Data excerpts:
..............................

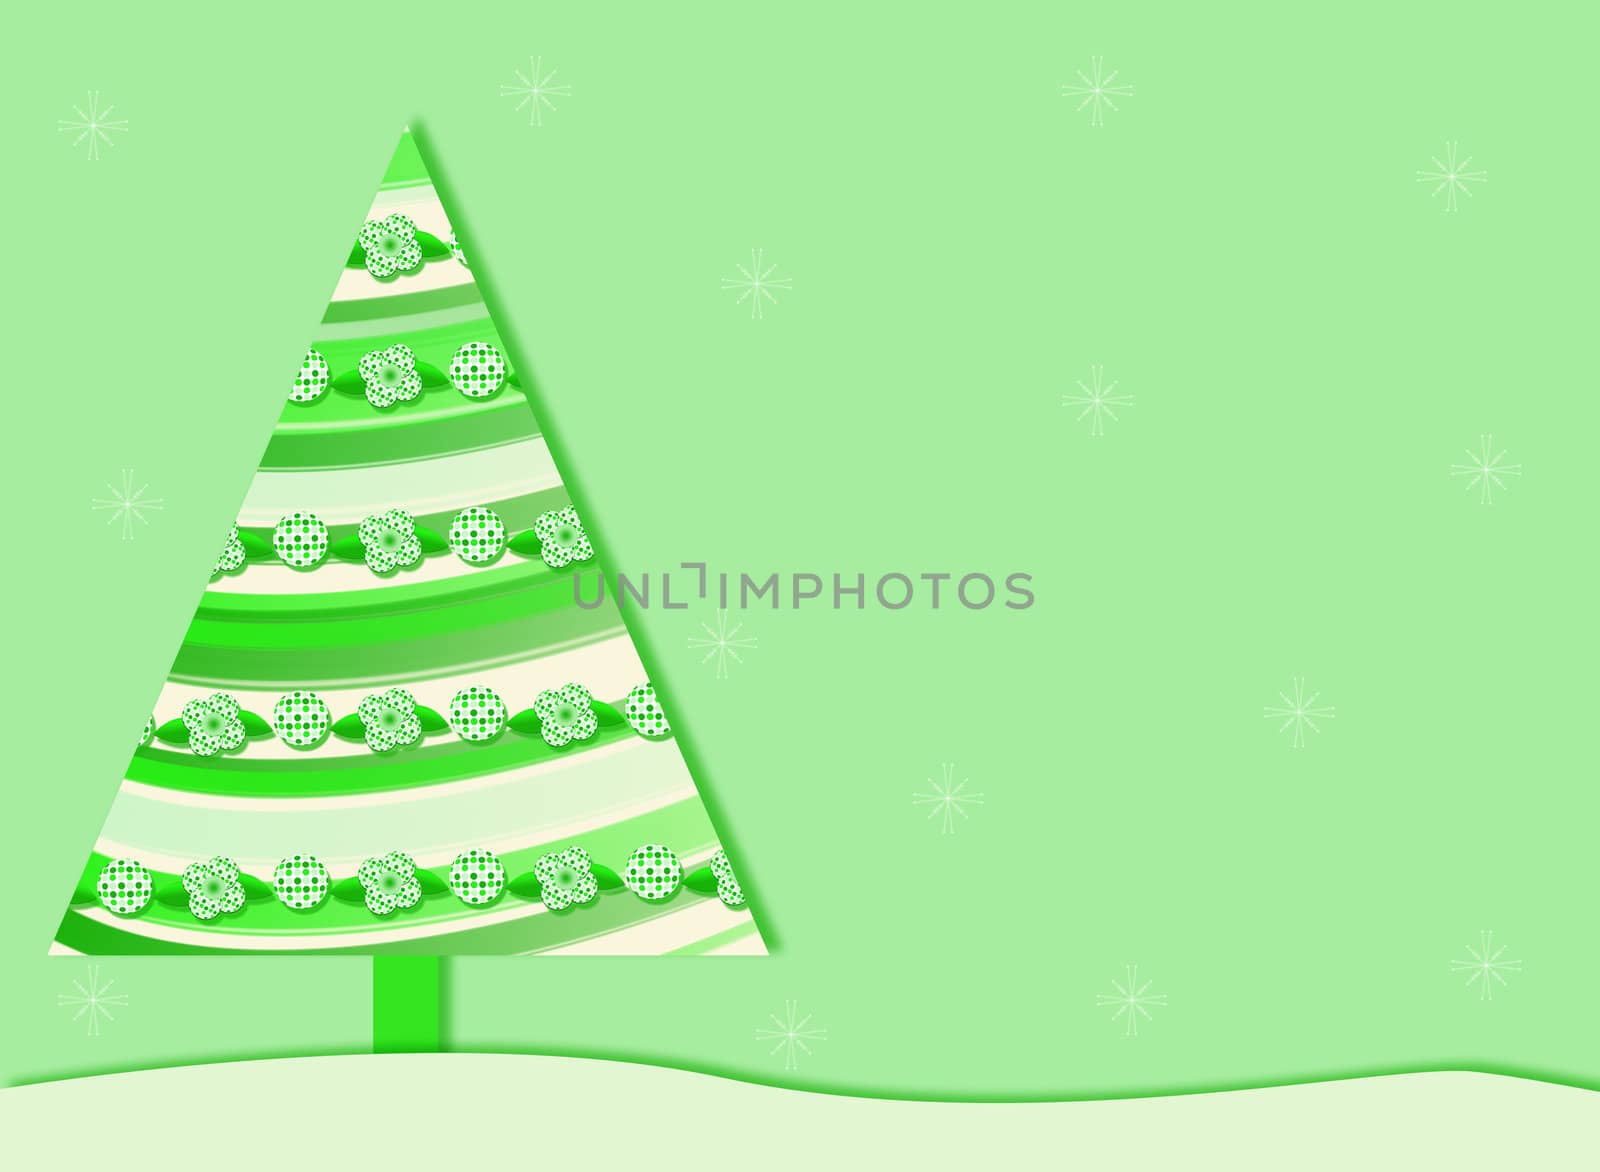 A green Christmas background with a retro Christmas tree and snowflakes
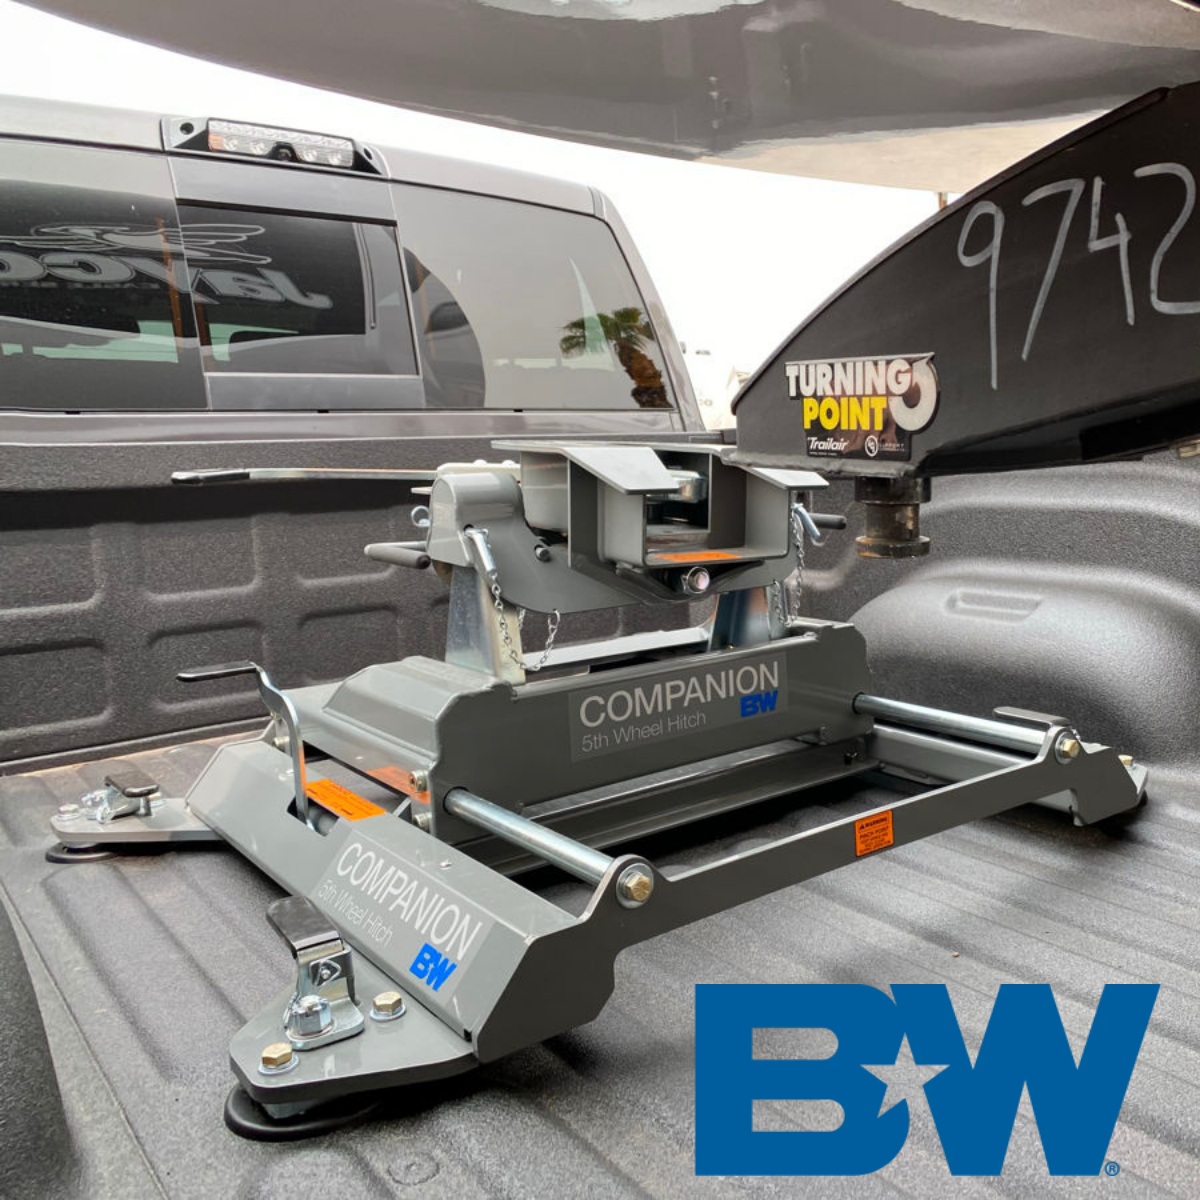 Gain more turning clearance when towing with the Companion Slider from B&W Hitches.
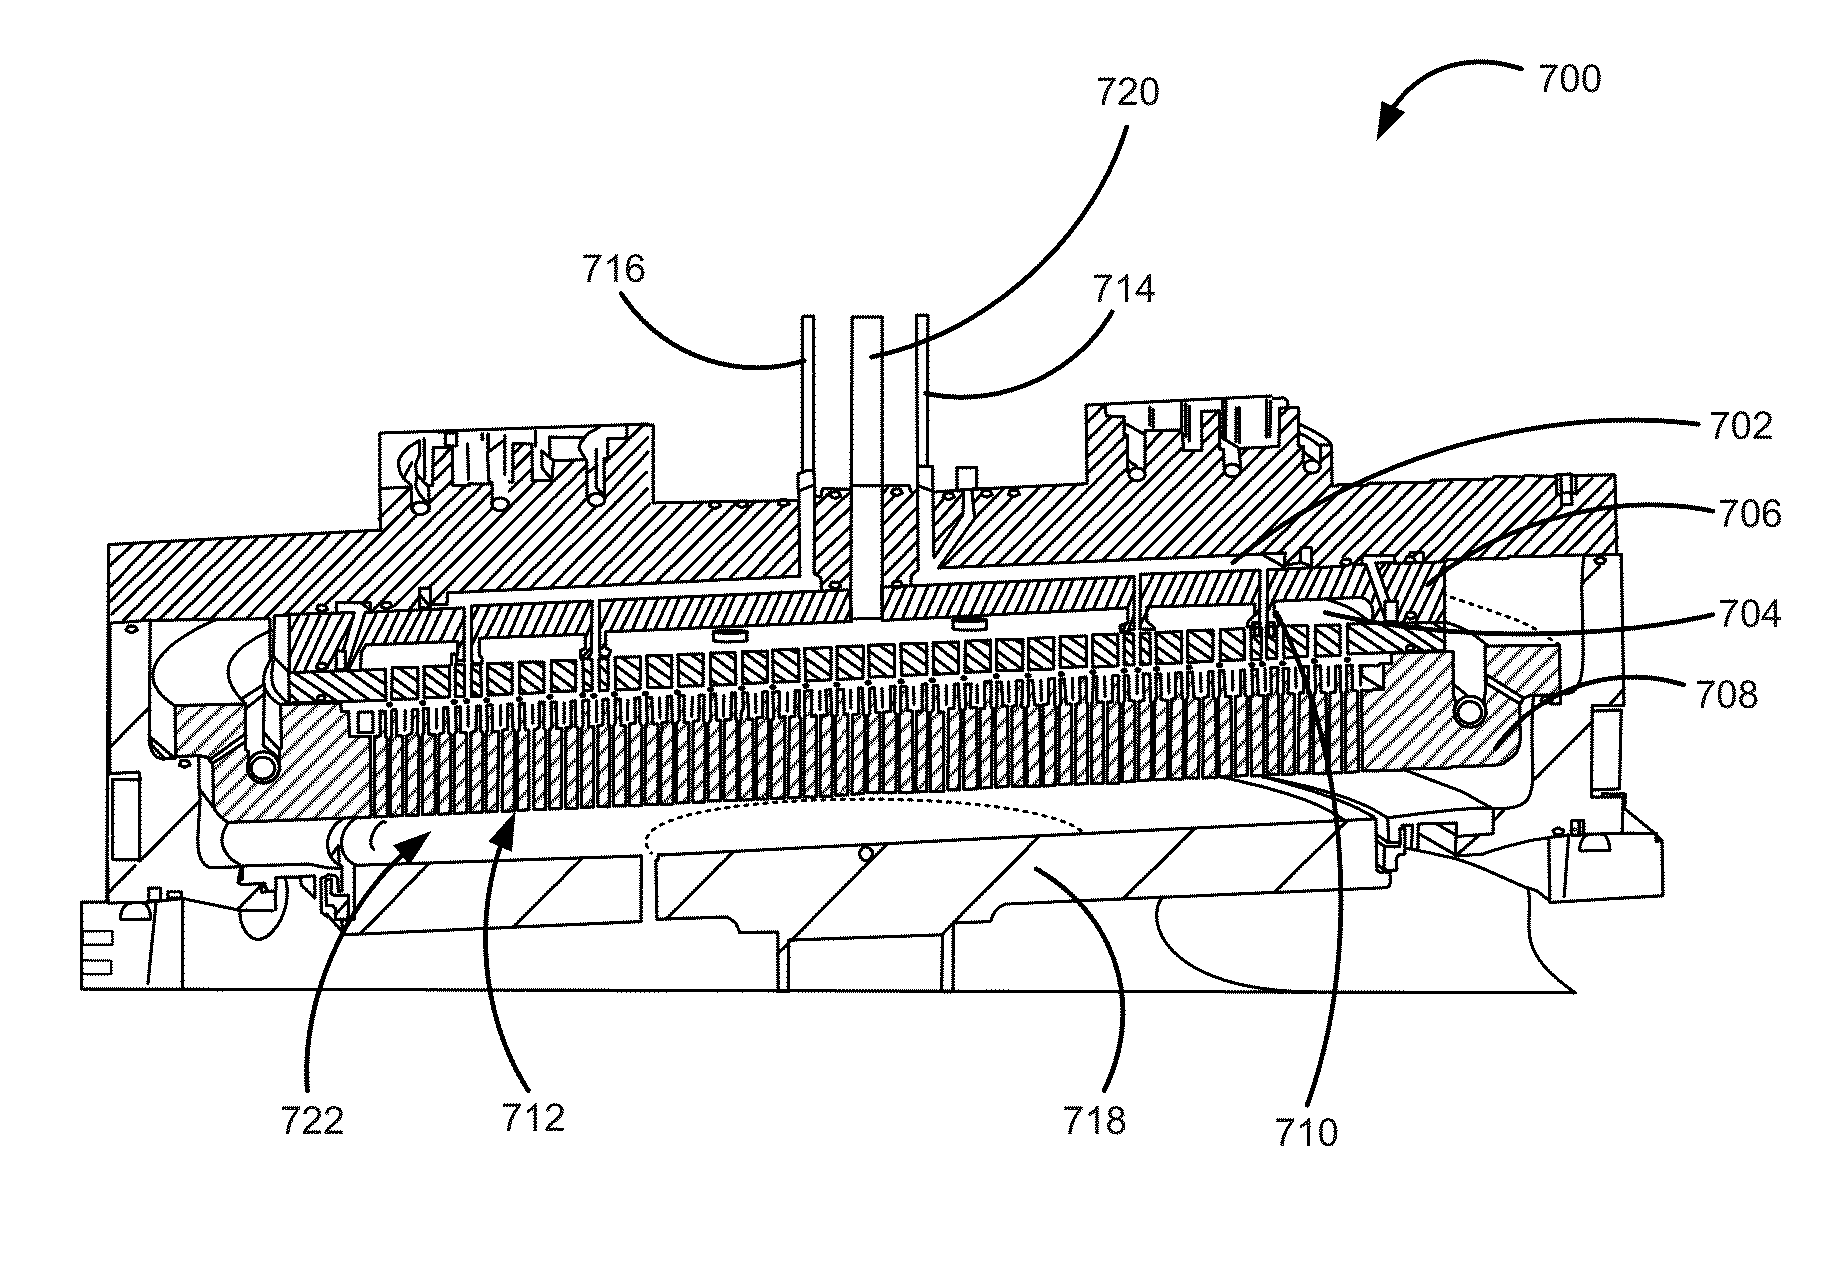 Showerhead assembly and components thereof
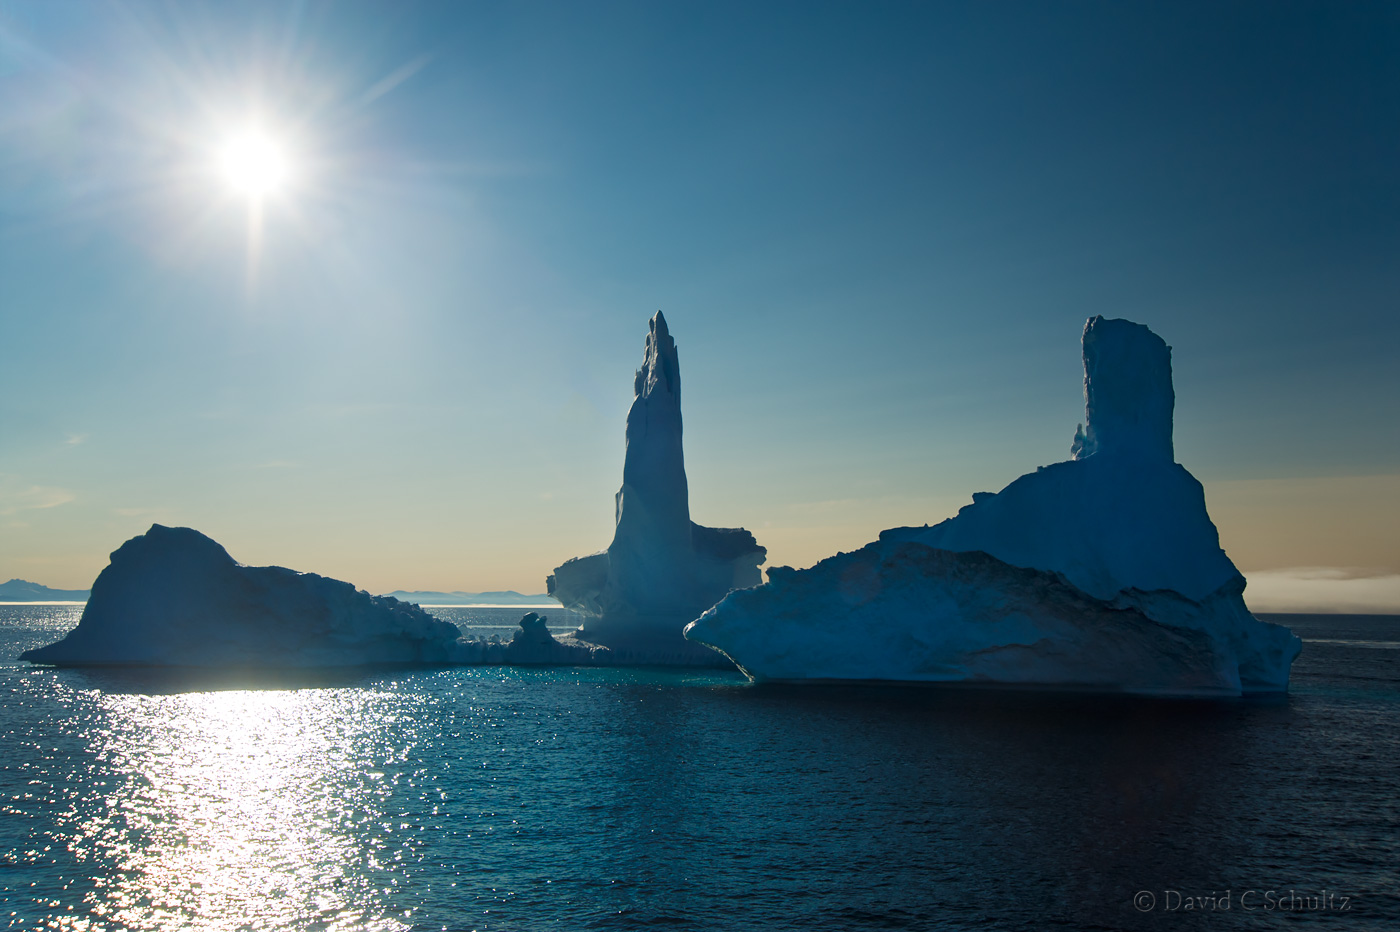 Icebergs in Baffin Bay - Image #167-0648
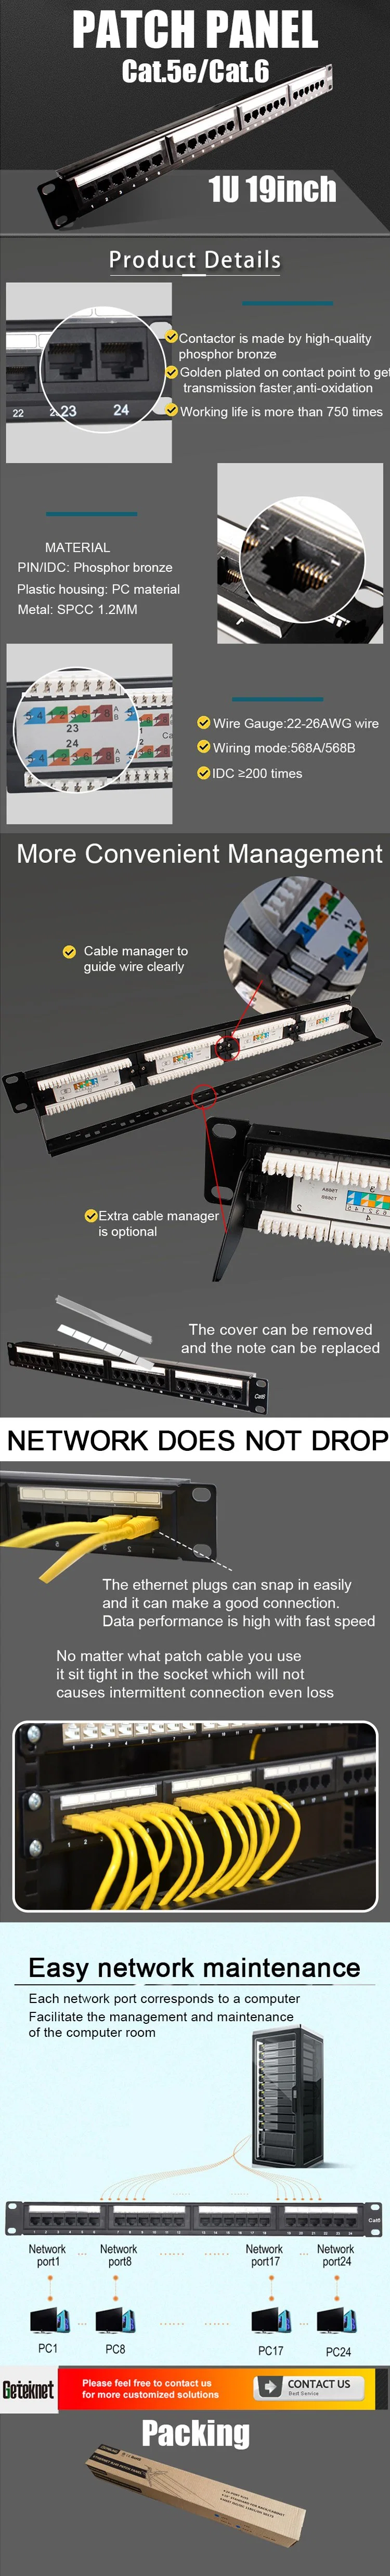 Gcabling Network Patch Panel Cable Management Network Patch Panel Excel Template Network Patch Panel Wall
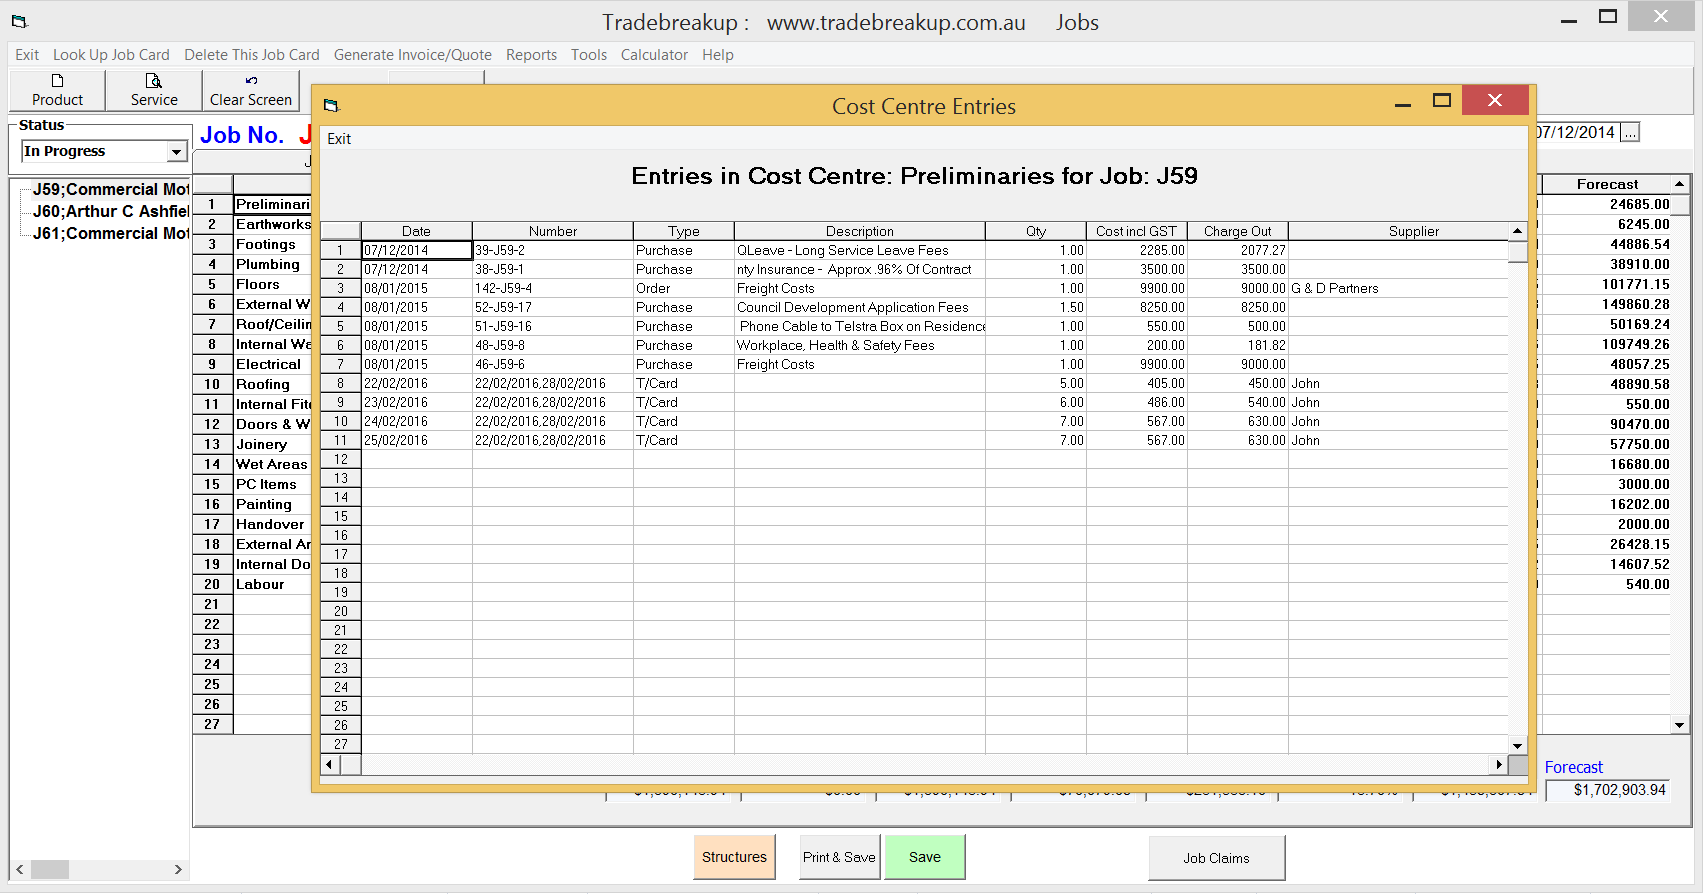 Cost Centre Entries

..............................

__BRIEF__: Quote the records in full and exactly; skip any image.

__RESULT OF THIS EXERCISE__:
 A green Christmas background with a retro Christmas tree and snowflakes
 Gain more turning clearance when towing with the Companion Slider from B&W Hitches.
 Showerhead assembly and components thereof
 Icebergs in Baffin Bay - Image #167-0648
 Gcabling Network Patch Panel Cable Management Network Patch Panel Excel Template Network Patch Panel Wall
 Cost Centre Entries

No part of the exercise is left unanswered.